An Amazon Web Services employee working on the issue accidentally switched off more computer servers than intended at 9:37 a.m. Seattle time on Tuesday.
(Bloomberg) -- Amazon.com Inc. said efforts to fix a bug in its cloud-computing service caused prolonged disruptions Tuesday that affected thousands of websites and apps, from project-management and expense-reporting tools to commuter alerts.
An Amazon Web Services employee working on the issue accidentally switched off more computer servers than intended at 9:37 a.m. Seattle time, resulting in errors that cascaded through the company’s S3 service, Amazon said in a statement Thursday. S3 is used to house data, manage apps and software downloads by nearly 150,000 sites, including ESPN.com and aol.com, according to SimilarTech.com.
"We are making several changes as a result of this operational event," Amazon said in a statement. "While removal of capacity is a key operational practice, in this instance, the tool used allowed too much capacity to be removed too quickly. We have modified this tool to remove capacity more slowly and added safeguards to prevent capacity from being removed when it will take any subsystem below its minimum required capacity level."
AWS is the company’s fastest-growing and most-profitable division, generating $3.5 billion in revenue in the fourth quarter.

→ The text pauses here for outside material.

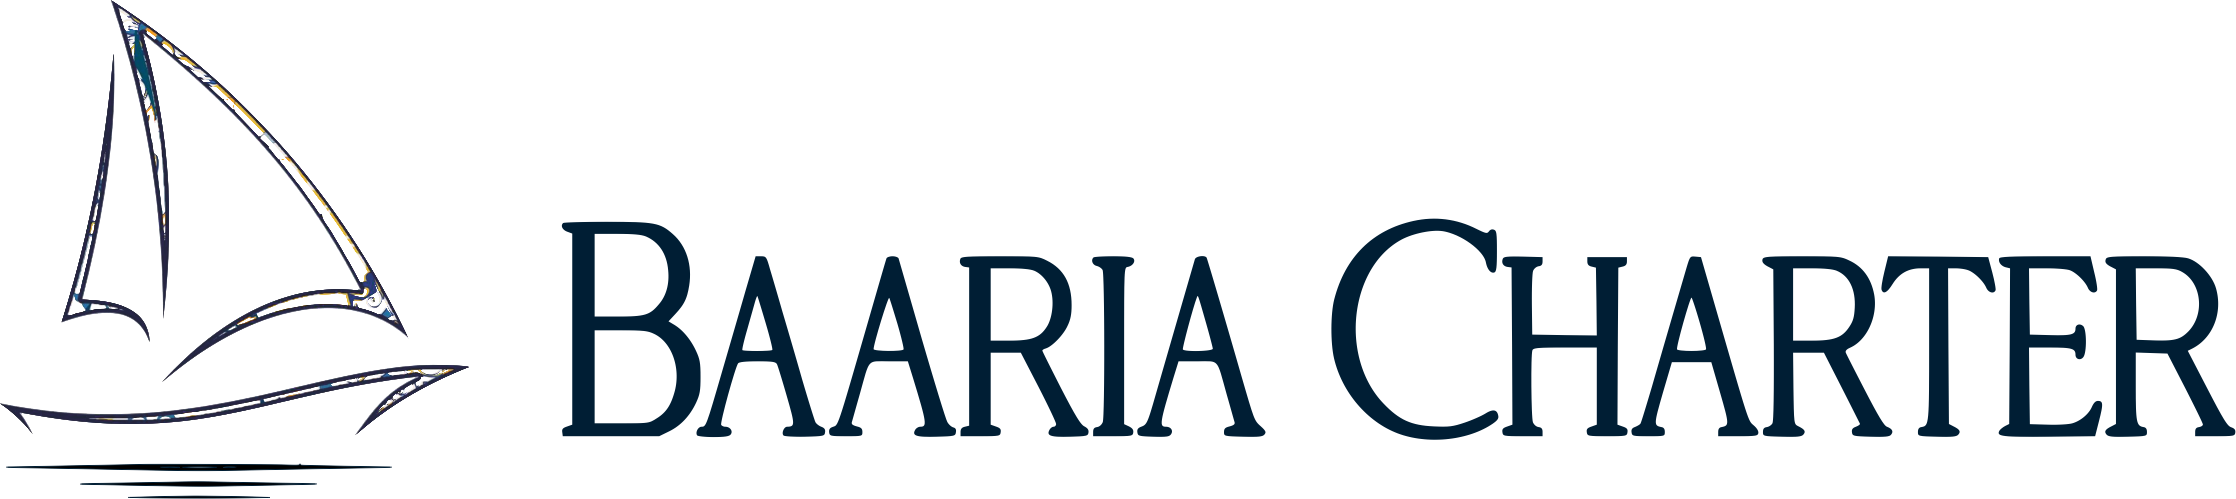 Baaria Charter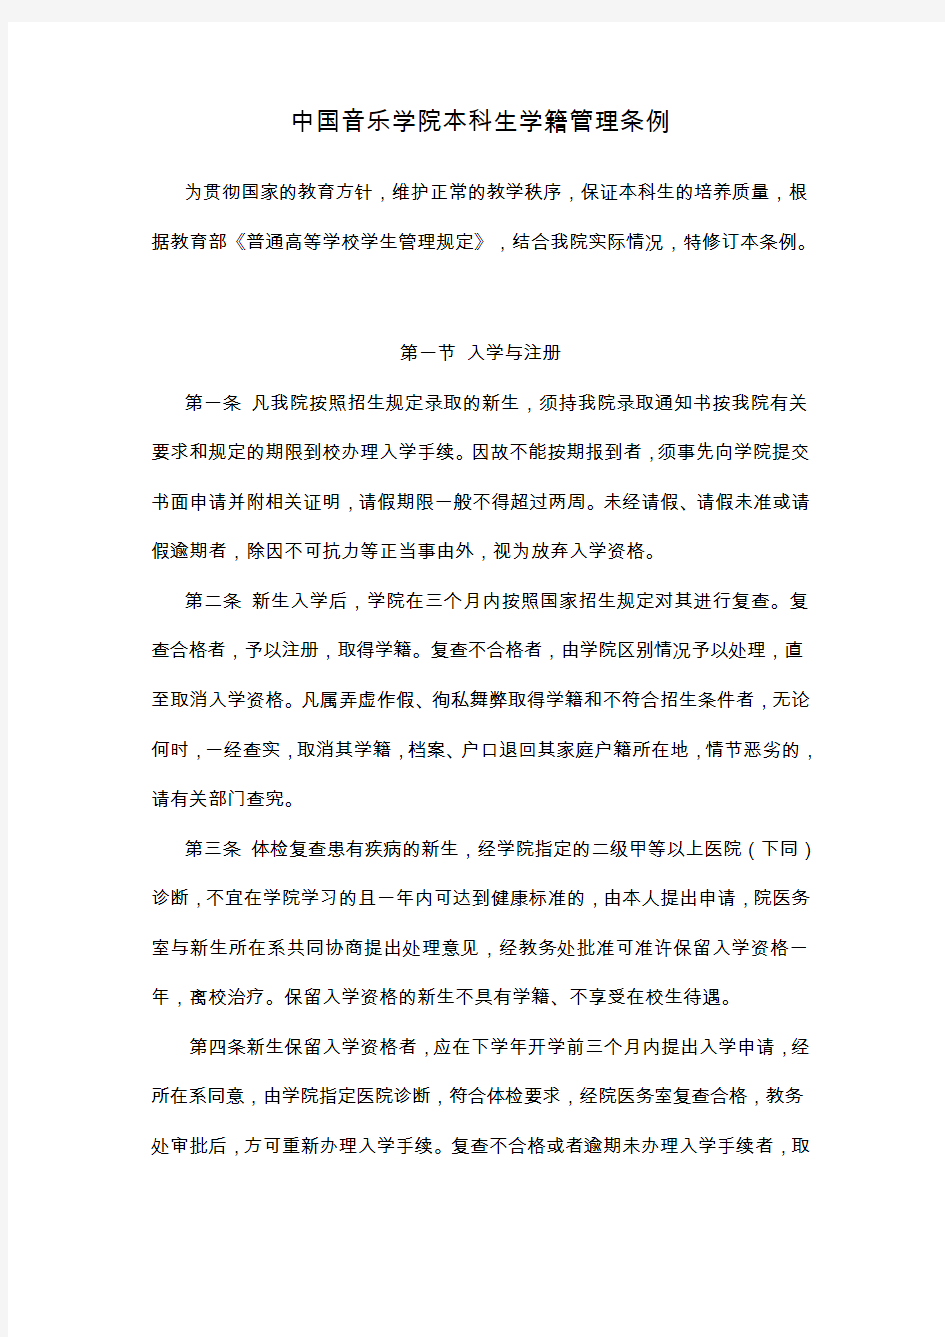 中国音乐学院本科生学籍管理条例

It’s the biggest public cloud-services provider, with data centers around the world that handle the computing power for many large companies, such as Netflix Inc. and Capital One Corp. Amazon and competitors like Microsoft Corp. and Alphabet Inc.’s Google are growing their cloud businesses as customers find it more efficient to shift their data storage and computer processes to the cloud rather than maintaining those functions on their own. Widespread adoption also increases the likelihood that problems with one service can have sweeping ramifications online.